"Maybe it isn't a visitor," she said, looking tentatively at Lorry—she hated visitors, for she had to sit up. "Do you expect someone?"

Lorry shook her head. She rarely expected anyone; evening callers were generally school friends of Chrystie's.

Fong, muttering, was heard to pass from the kitchen.

"I do hope," said Christie, "if it's some horrible bore Fong'll have sense enough to shut them in the reception room and give us a chance to escape."

Chrystie, like Aunt Ellen, was fond of going to bed early. She had tried to instruct Fong in an understanding of this, but Fong, having been trained in the hospitable ways of the past, could not be deflected into more modern channels.

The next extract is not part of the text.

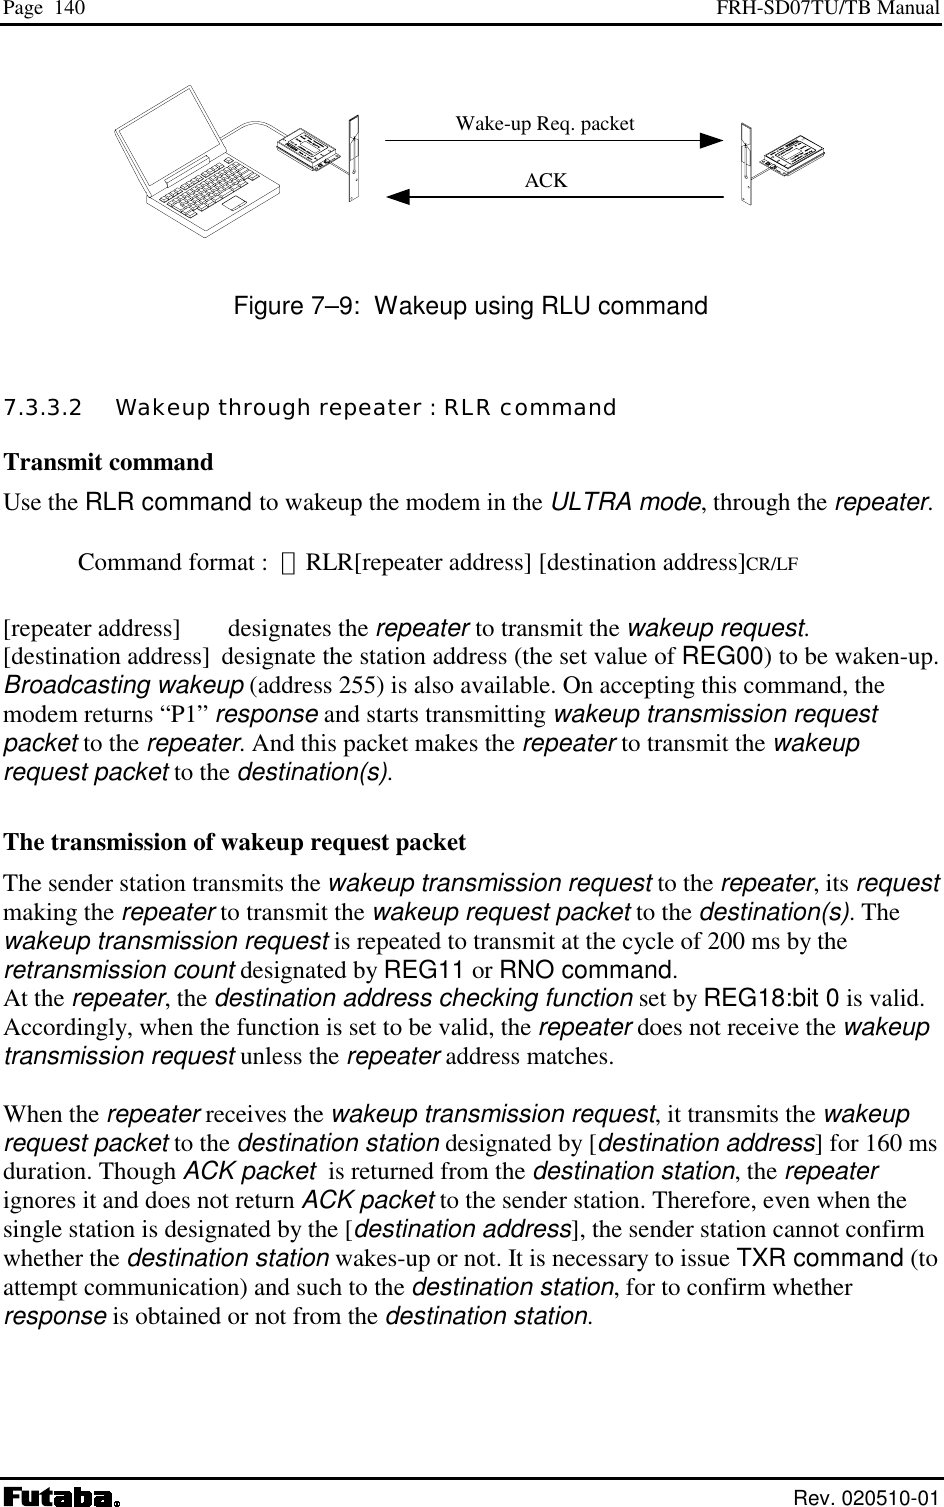 Page  140  FRH-SD07TU/TB Manual  Rev. 020510-01                                                                Figure 7–9:  Wakeup using RLU command 7.3.3.2   Wakeup through repeater : RLR command Transmit command Use the RLR command to wakeup the modem in the ULTRA mode, through the repeater.  Command format :  ＠RLR[repeater address] [destination address]CR/LF  [repeater address]  designates the repeater to transmit the wakeup request. [destination address]  designate the station address (the set value of REG00) to be waken-up.  Broadcasting wakeup (address 255) is also available. On accepting this command, the modem returns “P1” response and starts transmitting wakeup transmission request packet to the repeater. And this packet makes the repeater to transmit the wakeup request packet to the destination(s).  The transmission of wakeup request packet The sender station transmits the wakeup transmission request to the repeater, its request making the repeater to transmit the wakeup request packet to the destination(s). The wakeup transmission request is repeated to transmit at the cycle of 200 ms by the retransmission count designated by REG11 or RNO command. At the repeater, the destination address checking function set by REG18:bit 0 is valid. Accordingly, when the function is set to be valid, the repeater does not receive the wakeup transmission request unless the repeater address matches.  When the repeater receives the wakeup transmission request, it transmits the wakeup request packet to the destination station designated by [destination address] for 160 ms duration. Though ACK packet  is returned from the destination station, the repeater ignores it and does not return ACK packet to the sender station. Therefore, even when the single station is designated by the [destination address], the sender station cannot confirm whether the destination station wakes-up or not. It is necessary to issue TXR command (to attempt communication) and such to the destination station, for to confirm whether response is obtained or not from the destination station.    Wake-up Req. packet ACK

In his spotless white, his pigtail wound round his head, his feet in thick-soled Chinese slippers, he passed up the hall to the front door. Another chandelier hung there but in this only one burner was lit. At five in winter and at six in summer Fong lit this as he had done for the last twenty-four years. No one, no matter what the argument, could make him light it any earlier, any later, or turn the cock at a lesser or greater angle.

The visitor was Mark Burrage, and seeing this Fong broke into smiles and friendly greeting:

"Good evening, Mist Bullage—Glad see you, Mist Bullage. Fine night,
Mist Bullage."

Fong was an old man—just how old nobody knew. For thirty-five years he had served the Alstons, had been George Alston's China boy in Virginia City, and then followed him, faithful, silent, unquestioning to San Francisco. There he had been the factotum of his "boss's" bachelor establishment, and seen him through his brief period of married happiness. On the day when Minnie Alston's coffin had passed through the front door, he had carefully swept up the flower petals from the parlor carpet, his brown face inscrutable, his heart bleeding for his boss.

Now his devotion was centered on the girls; "Miss Lolly and Miss Clist," he called them. He ruled them and looked out for their welfare—refused to buy canvasbacks till they fell to the price he thought proper, economized on the kitchen gas, gave them costly presents on the New Year, and inquired into the character of every full-grown male who crossed their threshold.